How much should you give up?

iVillage Member
Registered: 10-21-2008
How much should you give up?
352
Tue, 10-21-2008 - 8:35pm

My mother wrote an angry reply to a post on this board. It was deleted, from what I read in her email. I know you will ask how I got into her email, well, I have the password in case something happens to her. I went into it tonight because I was trying to figure out why someone as lovely and kind as my mother tried to take her own life today. In her email, I found a reply to her post. In that reply, she was asked how much this person should have to give to her out of her $250,000 a year. This isn't an attack, it's an answer from someone who knows and loves my mother more than anything in the world. No doubt this will be deleted as well, but here it is until then.

First off, none of what you will be "giving up" out of your $250,000+ dollars will come to her or to anyone like her. It will be going to pay off the deficit for your children, and hopefully for mine, so that they will not get to a point where they would rather die than lose everything they own at the age of 56.

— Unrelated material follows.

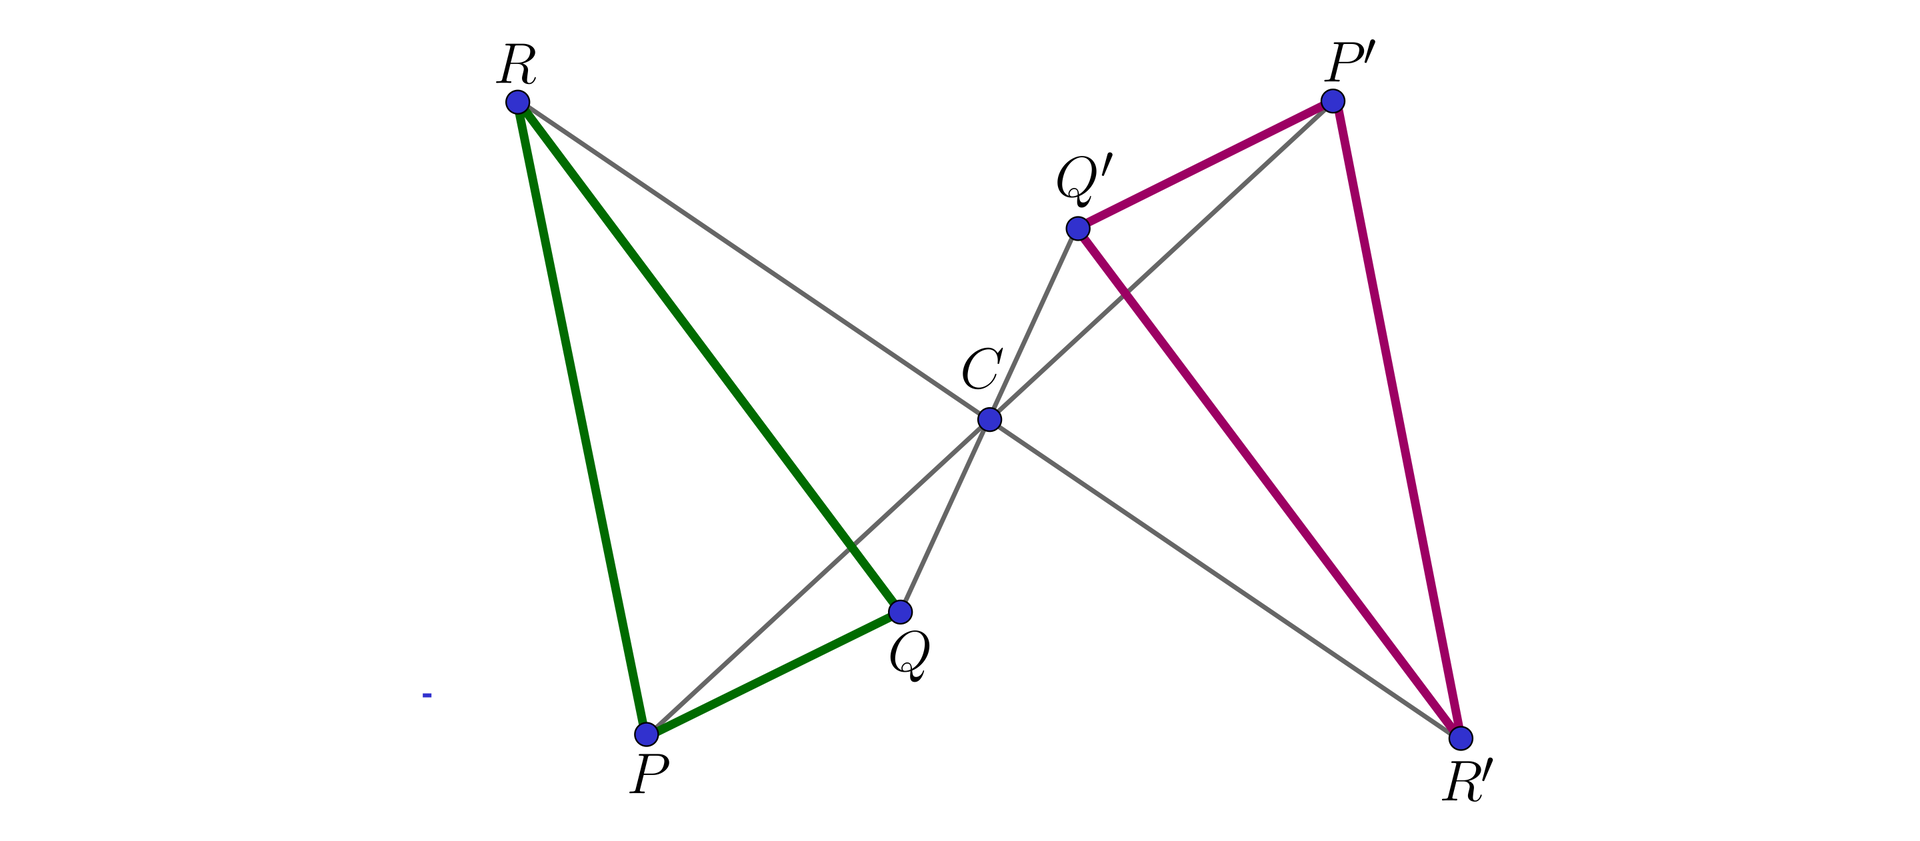 Ilustracja przedstawia dwa trójkąty oraz punkt C, pierwszy z nich ma wierzchołki P R Q, obok znajduje się drugi trójkąt, który jest symetryczny względem punktu C, jego wierzchołki to P'R'Q'. Punkt Q jest połączony z punktem Q'. Punkt P jest połączony z punktem P'. Punkt R jest połączony z punktem R'. Wszystkie odcinki łączące te punkty przechodzą przez punkt C.

You were talking about losing 12% of $250,000. That is more than my mother made every year. She lost her job, and is about to lose her house. She never had much, but what she had she has lost over the years due to having a chronic illness. She has no retirement, and has watched her home value plummet. If she sold her house tomorrow, she would make less than $30,000 on it. We all know that's not even a year's income, and she cannot collect SS for 6 more years.

So here's my answer to you. You should be willing to give anything necessary to save people like my mother. You should do it because you have it to give. You should do it because it's the right thing to do. You shouldn't begrudge anyone your 12% who has worked so hard, and given so much of her time and energy to others free of charge when they were in need.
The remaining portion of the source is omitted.